* **Task description**: Except for images, print the whole listing verbatim.
Top of The data
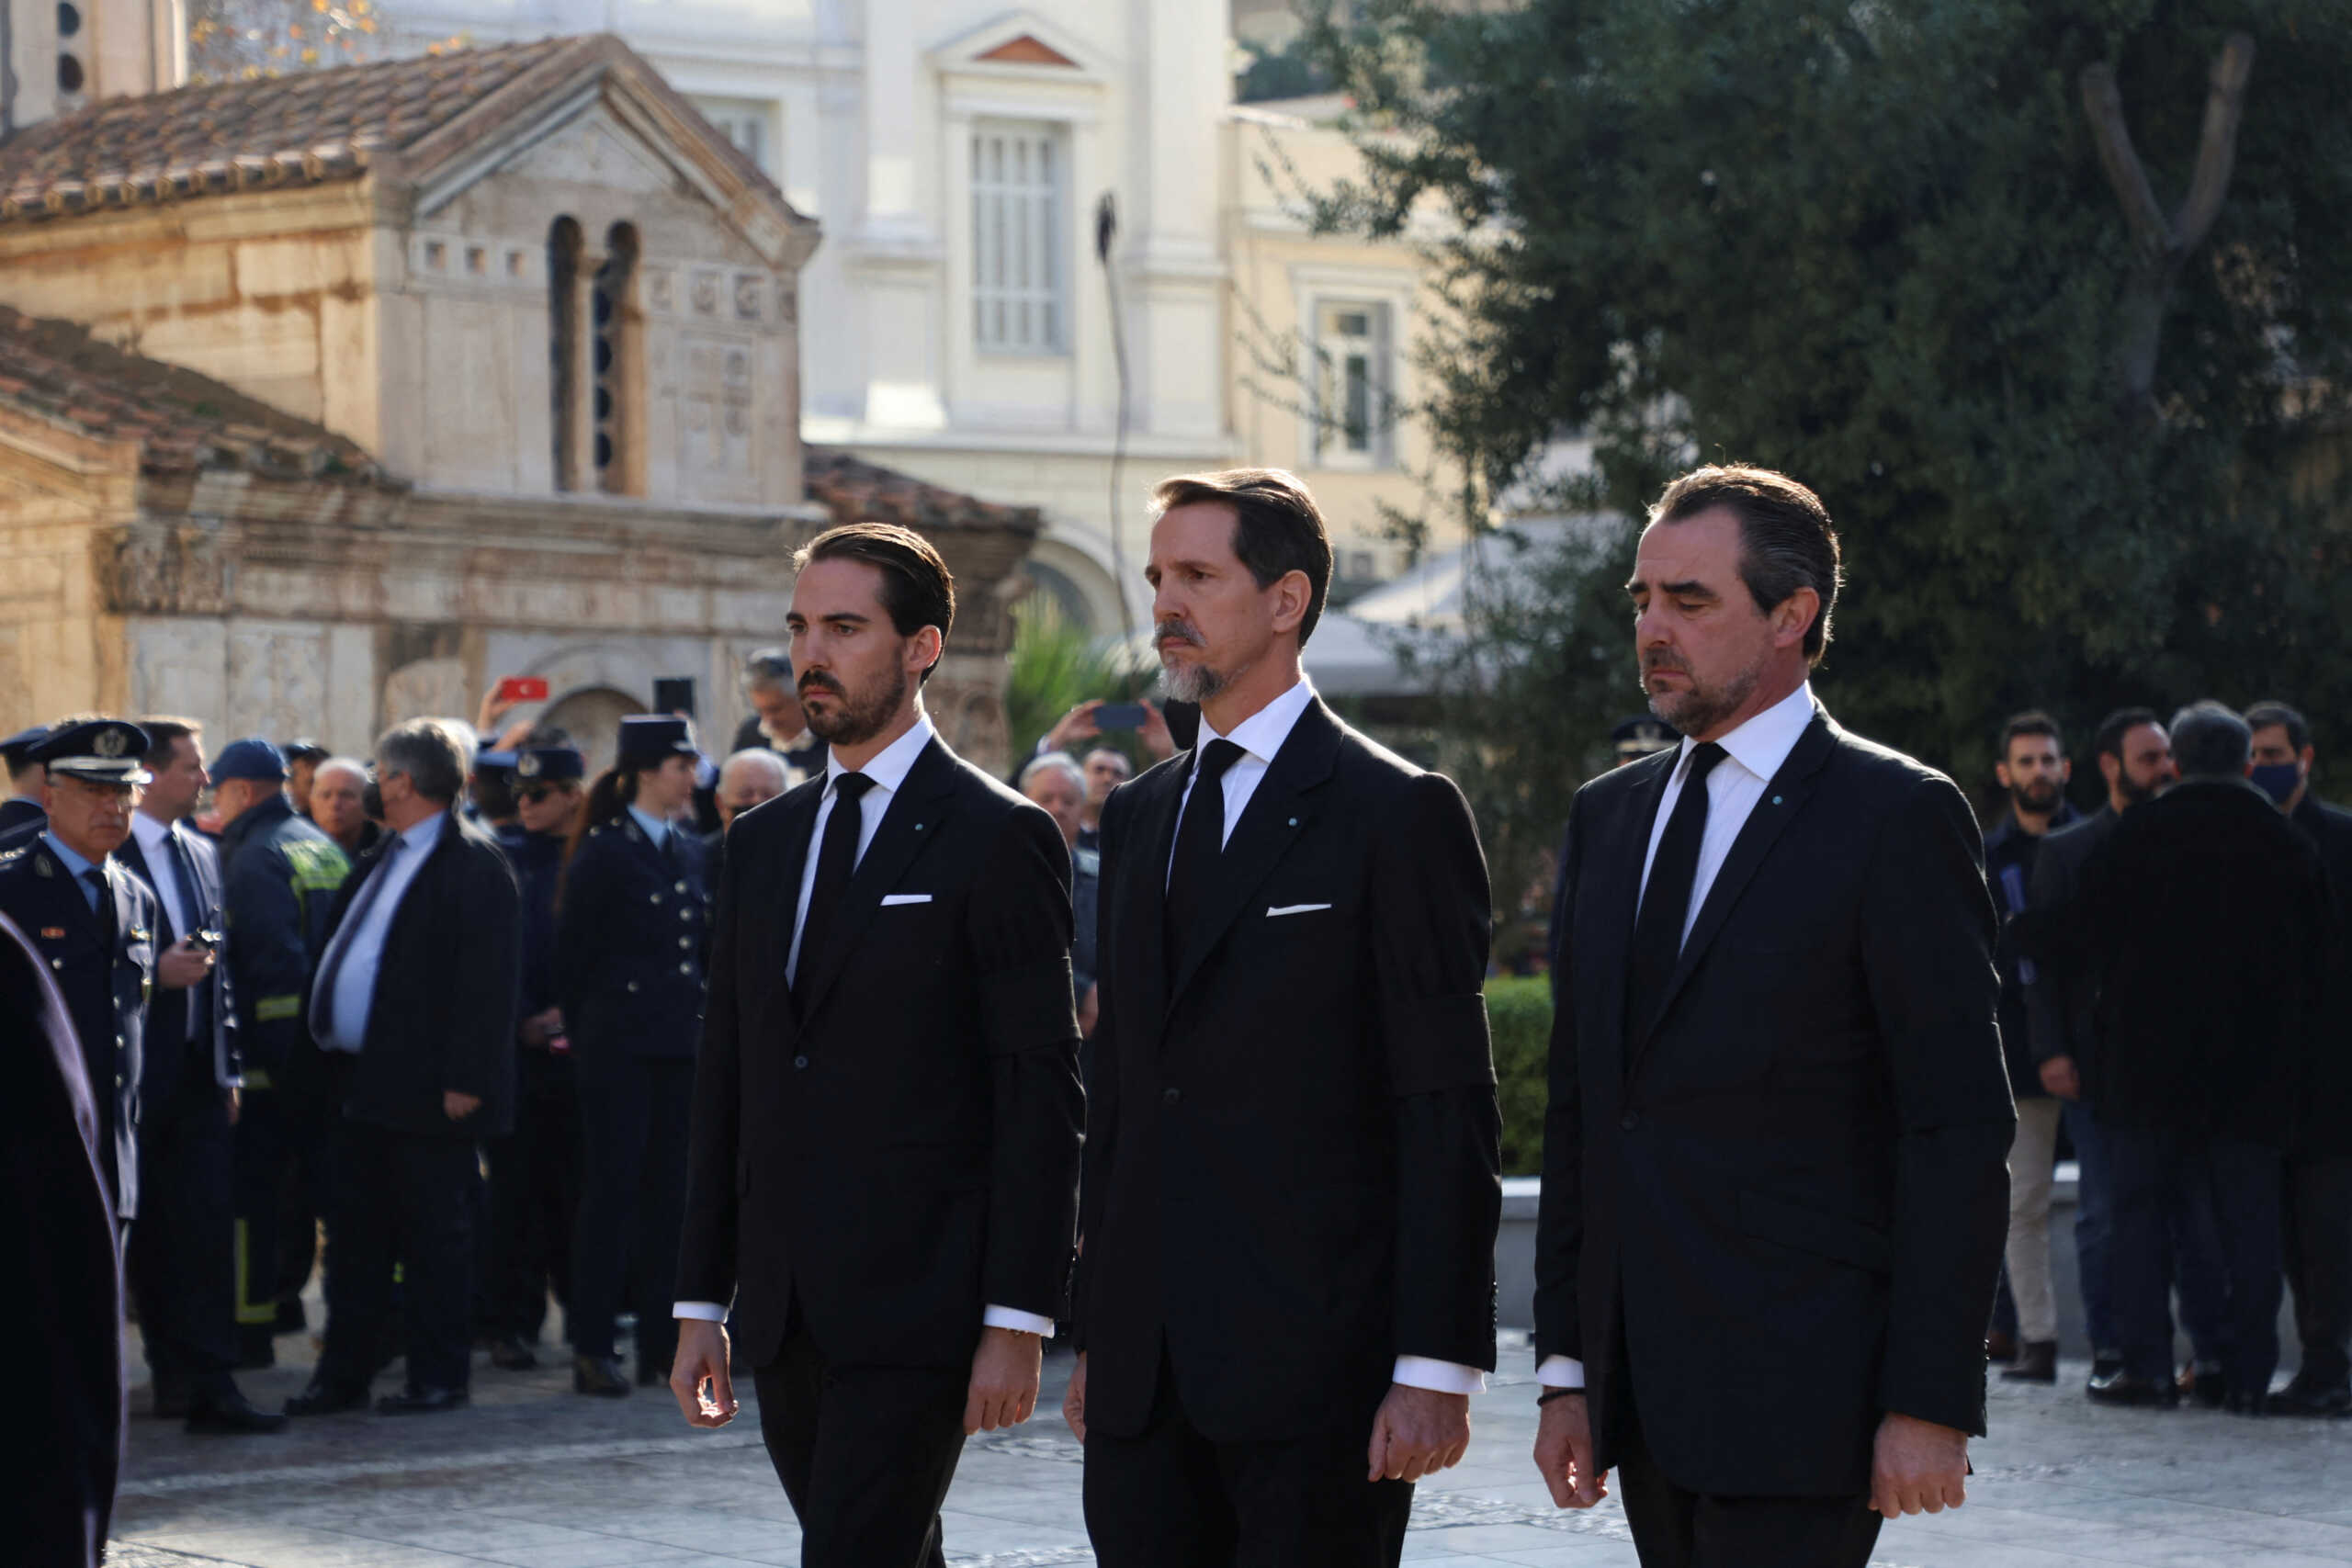 Κηδεία τέως βασιλιά Κωνσταντίνου: Οι γαλαζοαίματοι και οι πολιτικοί που βρέθηκαν στην Μητρόπολη
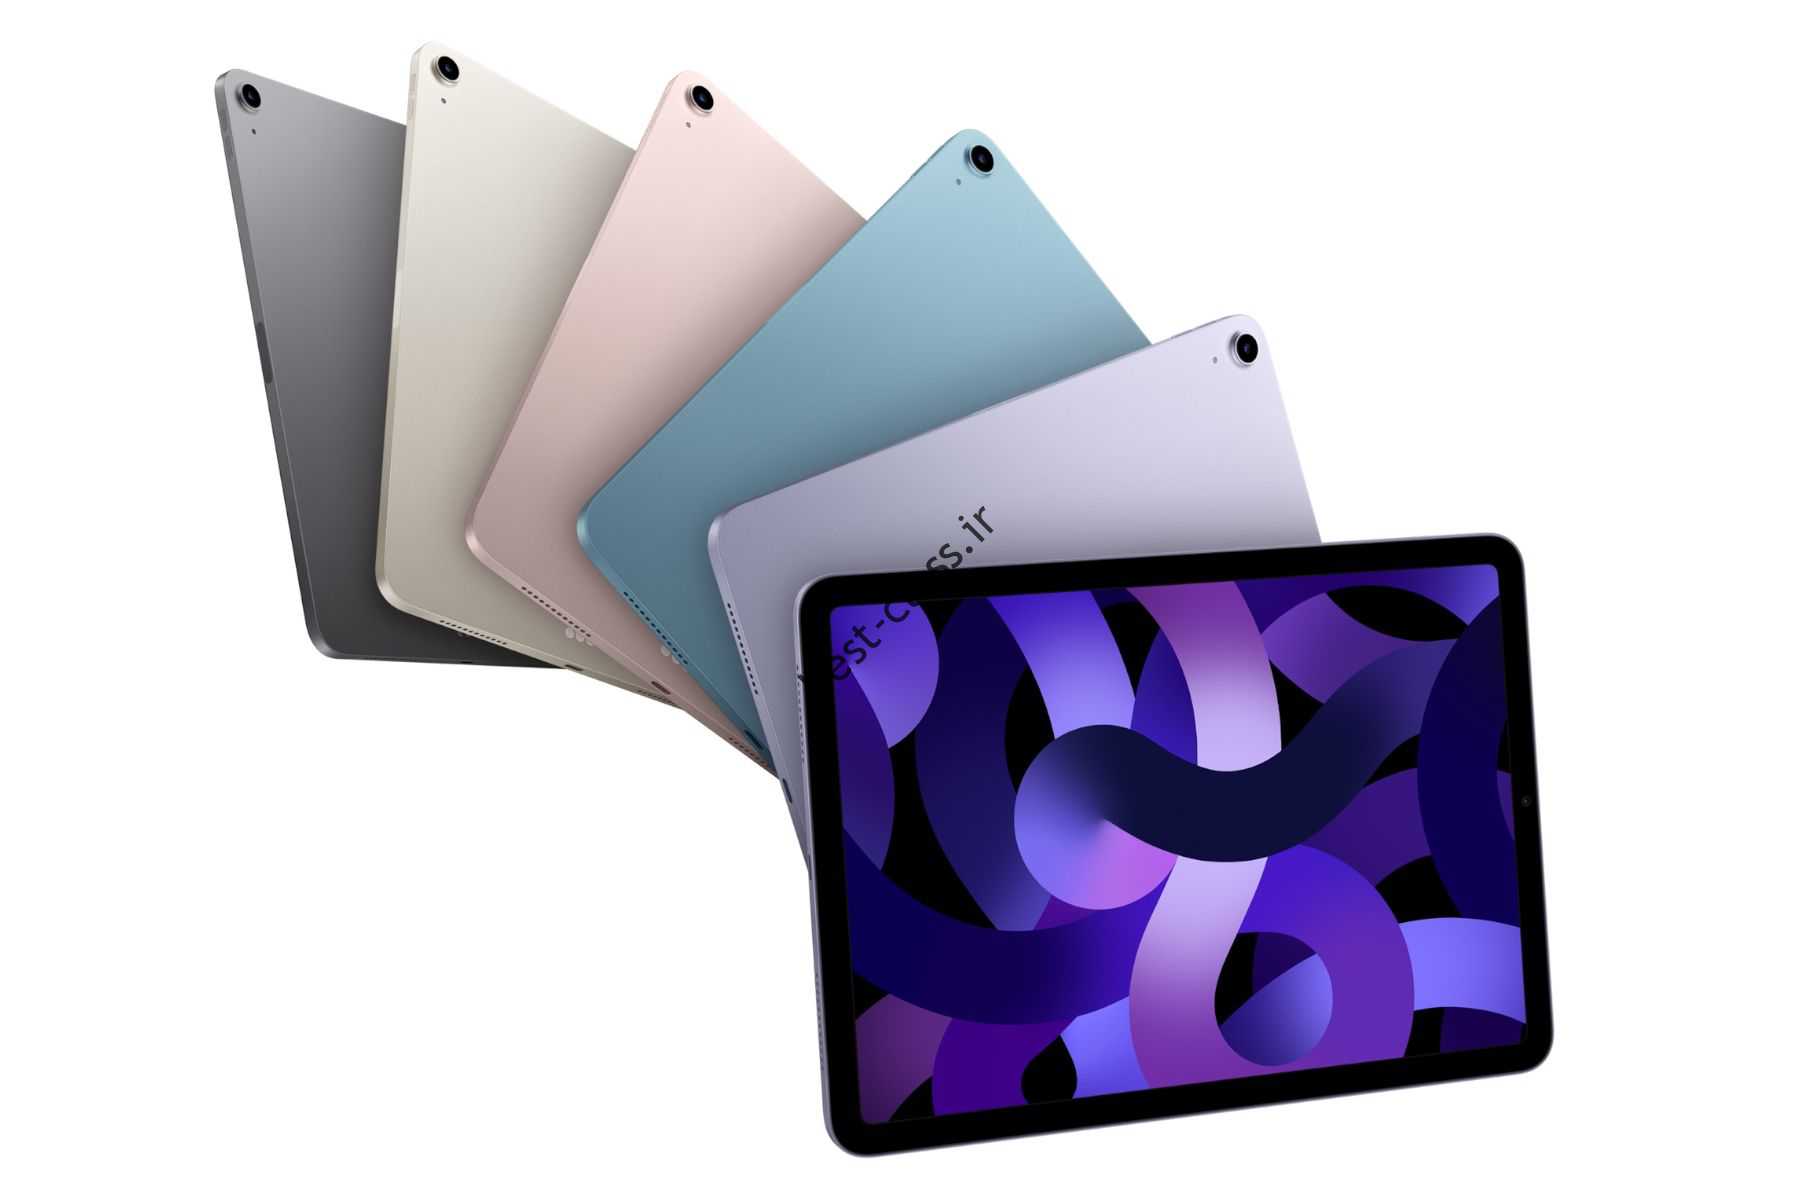 رنگ های مختلف تبلت آیپد ایر 2022 اپل / Apple iPad Air 2022
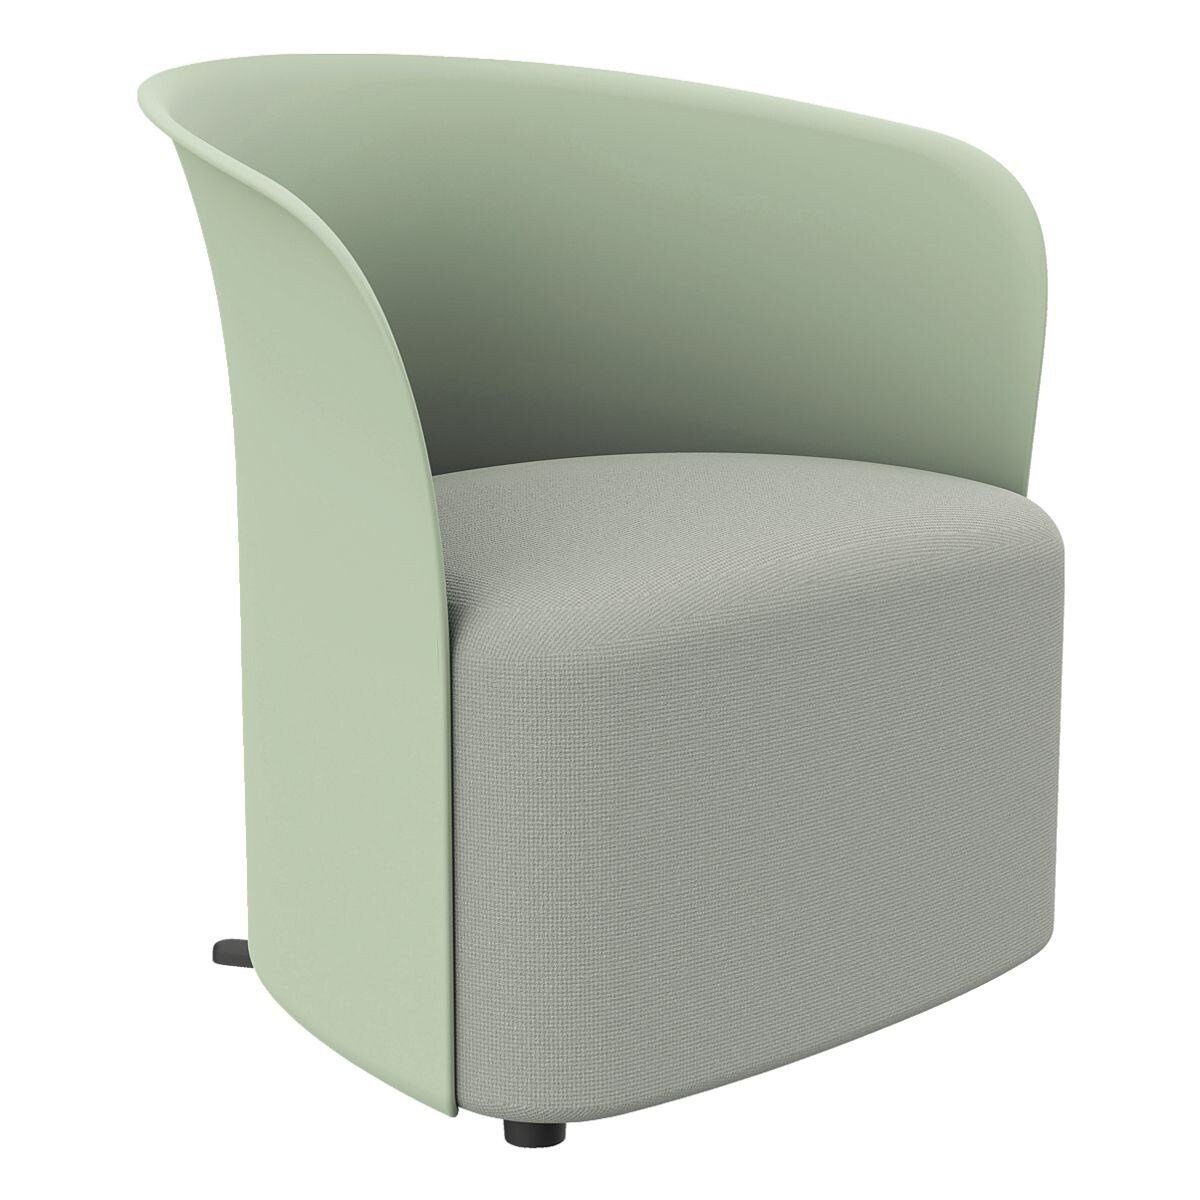 PAPERFLOW Sessel Crown, Clubsessel, durchgehende Rückenlehne, Standfüße, Sitzhöhe 38 cm grün
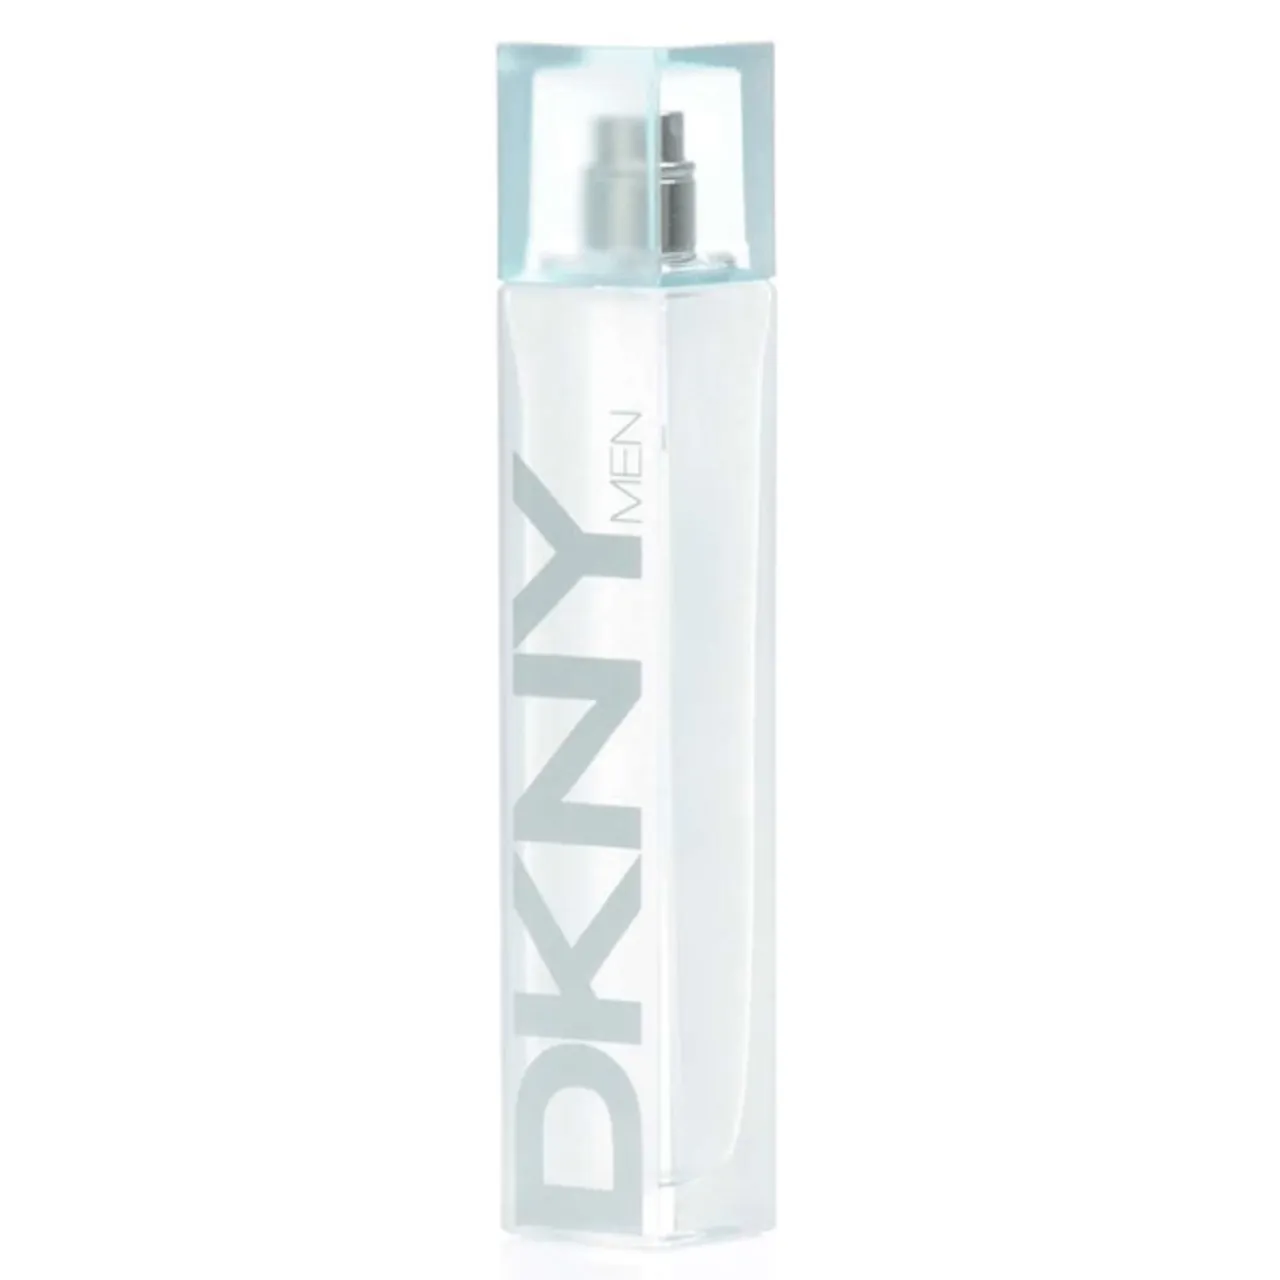 DKNY Men eau de toilette spray 100 ml
Bottom of The data
* **Task response**:
 Κηδεία τέως βασιλιά Κωνσταντίνου: Οι γαλαζοαίματοι και οι πολιτικοί που βρέθηκαν στην Μητρόπολη
 رنگ های مختلف تبلت آیپد ایر 2022 اپل / Apple iPad Air 2022
 PAPERFLOW Sessel Crown, Clubsessel, durchgehende Rückenlehne, Standfüße, Sitzhöhe 38 cm grün
 DKNY Men eau de toilette spray 100 ml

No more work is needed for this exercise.